Supplied material -
┄┄┄┄┄┄┄┄┄┄
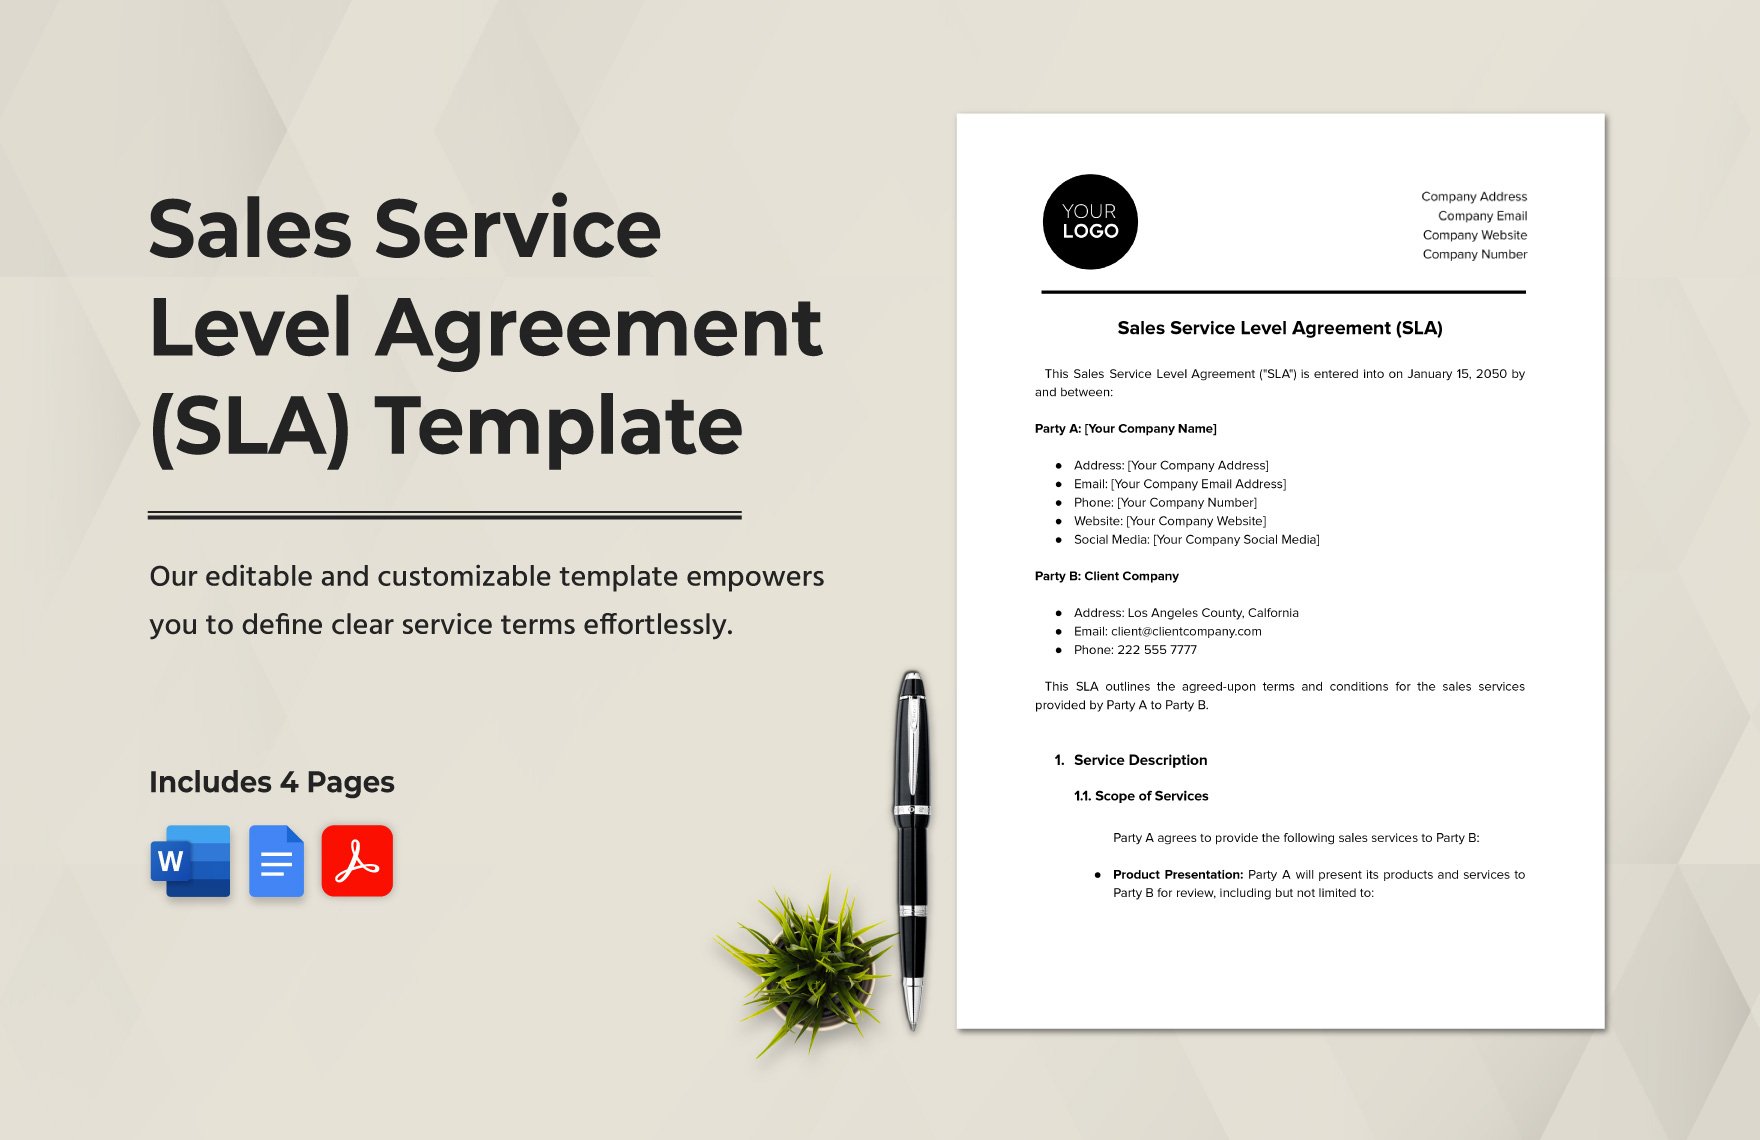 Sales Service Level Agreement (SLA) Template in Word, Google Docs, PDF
┄┄┄┄┄┄┄┄┄┄
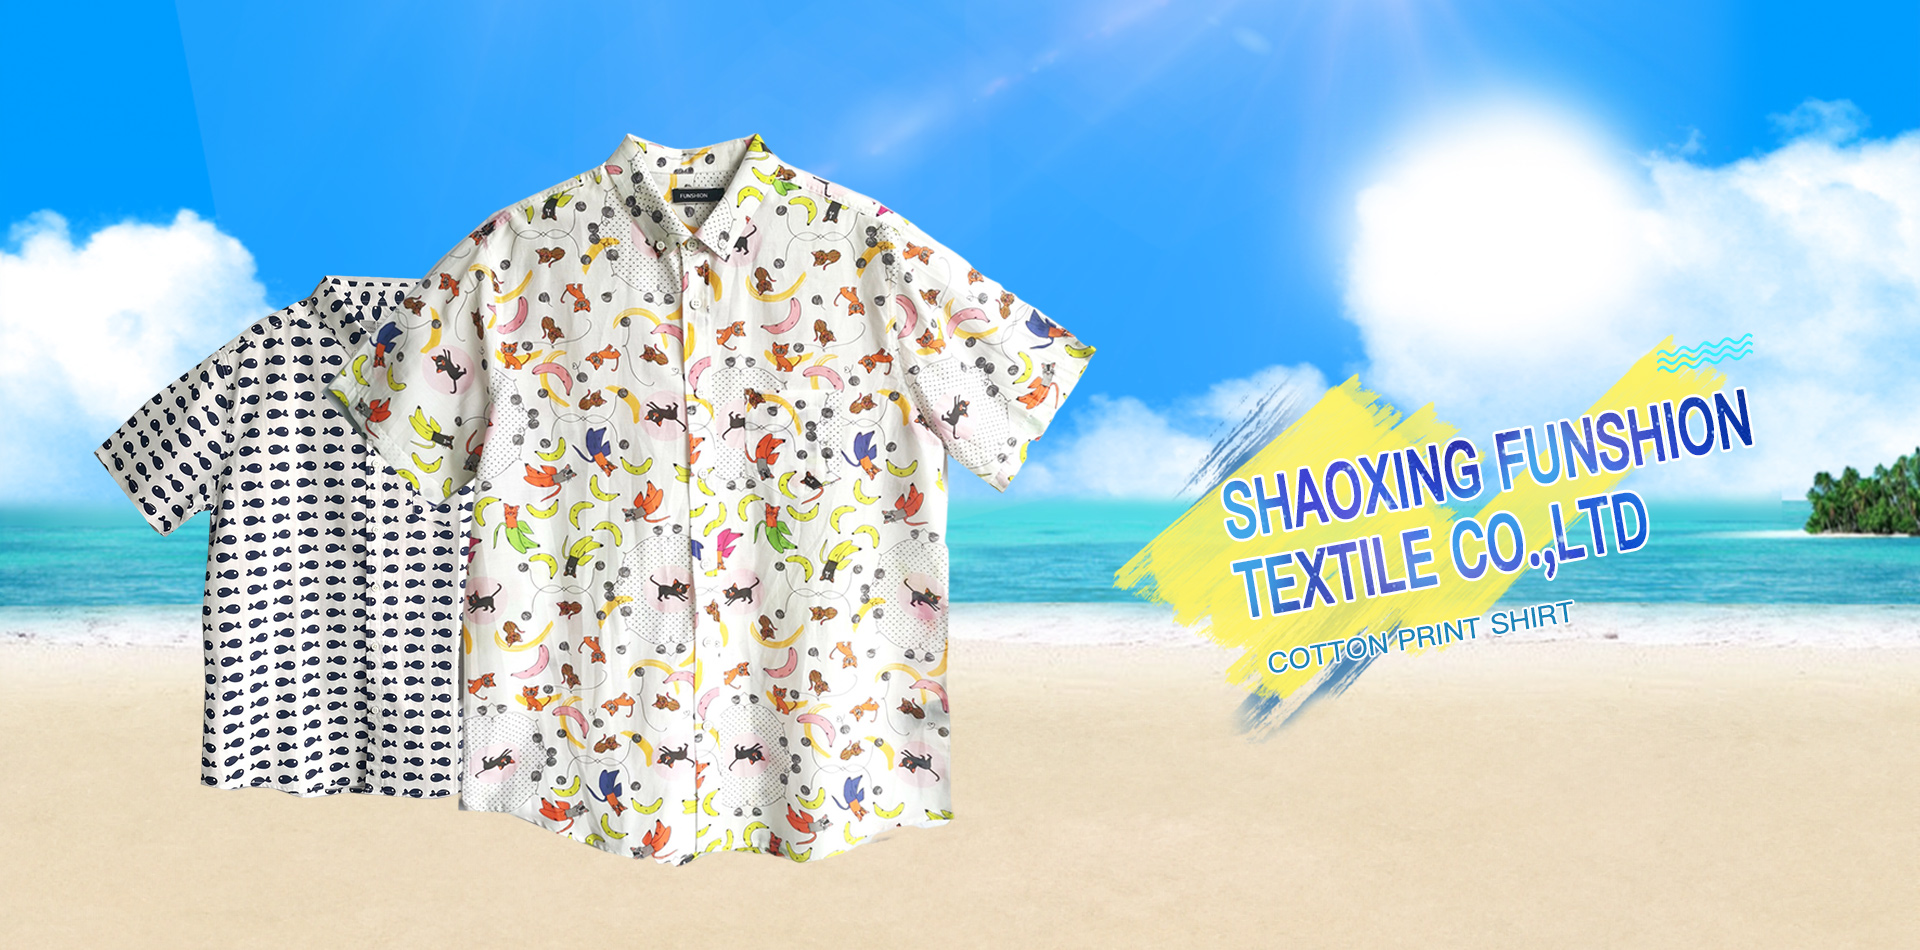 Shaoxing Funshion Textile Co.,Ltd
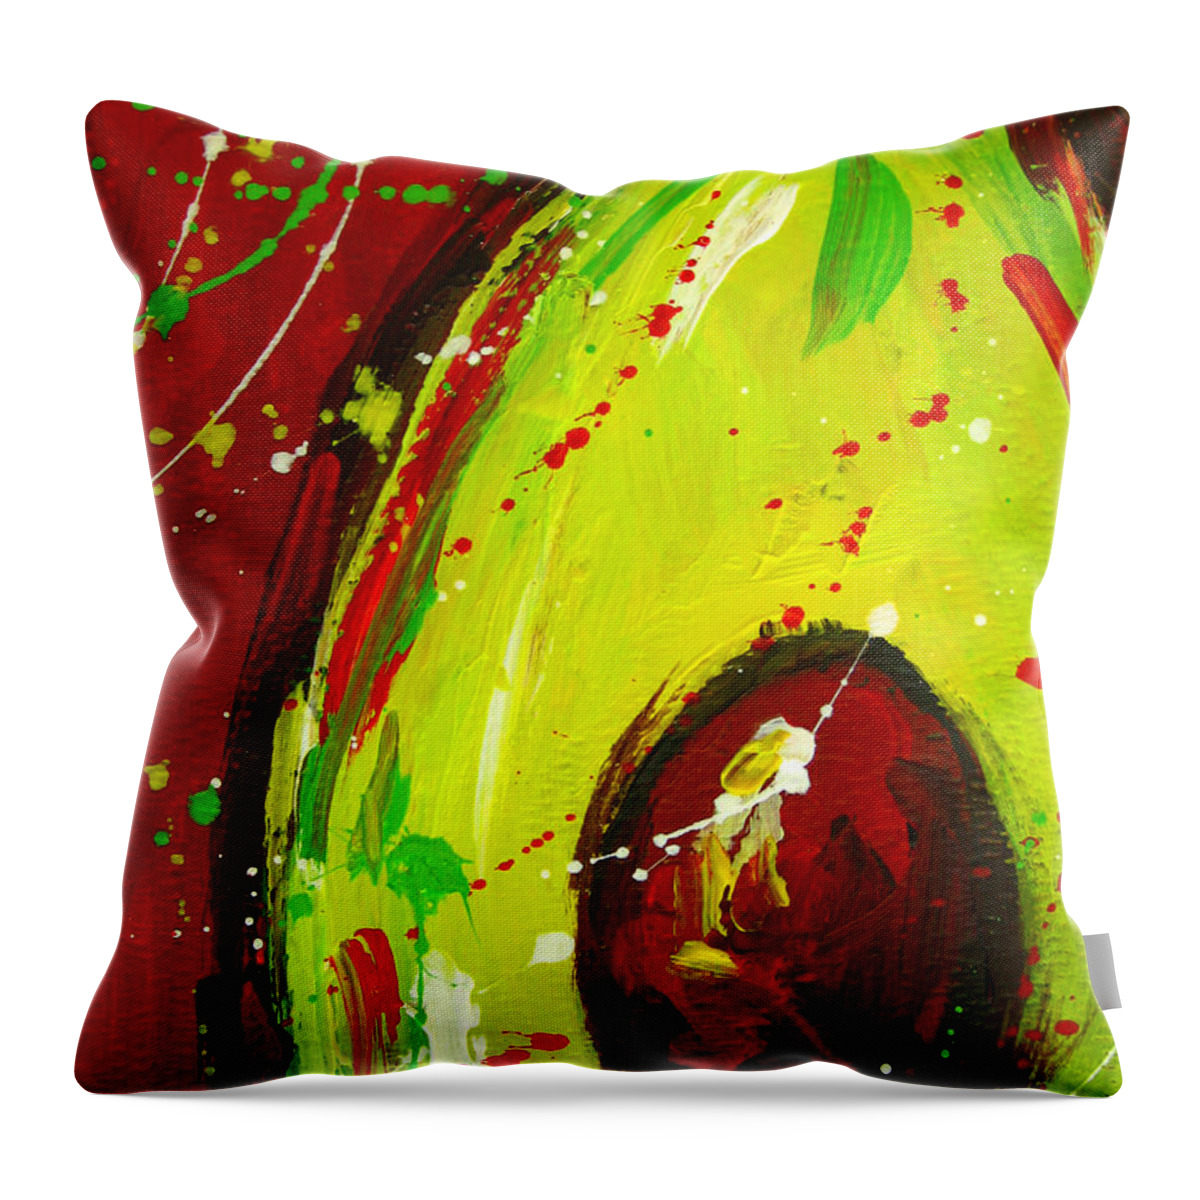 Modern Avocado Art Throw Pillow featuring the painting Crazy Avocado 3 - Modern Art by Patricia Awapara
┄┄┄┄┄┄┄┄┄┄
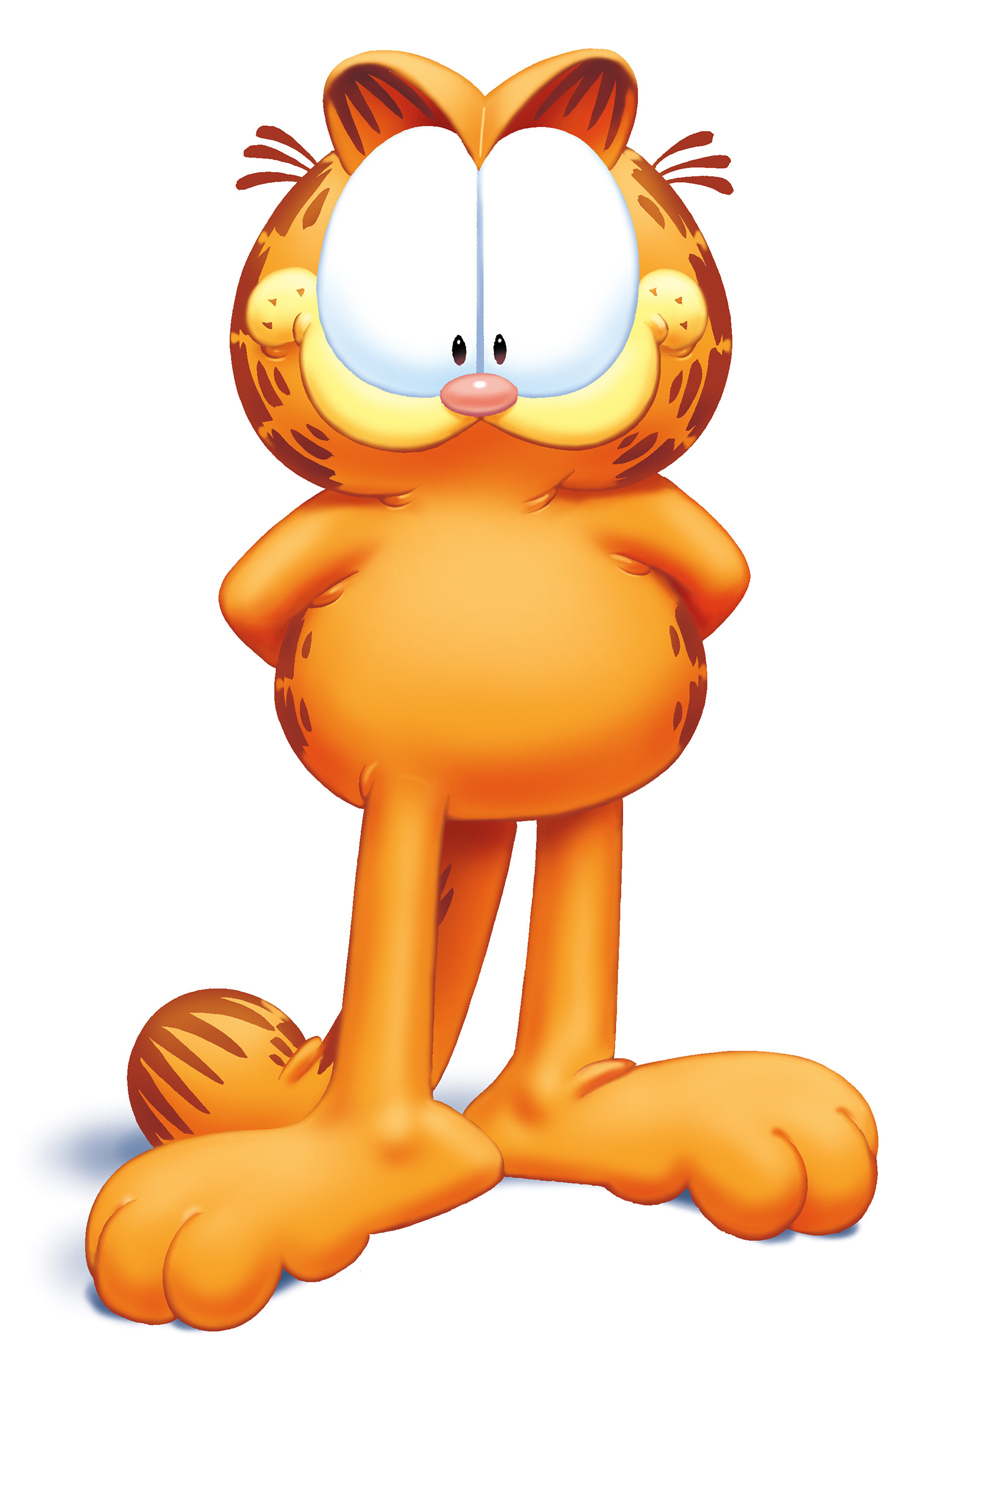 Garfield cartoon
┄┄┄┄┄┄┄┄┄┄
Task details - From the data above, return only the lines starting at the line that holds "Shaoxing Funshion Textile Co.,Ltd" and ending at the line that holds "Modern Avocado Art", word for word and without pictures.

Your response -
 Shaoxing Funshion Textile Co.,Ltd
 Modern Avocado Art Throw Pillow featuring the painting Crazy Avocado 3 - Modern Art by Patricia Awapara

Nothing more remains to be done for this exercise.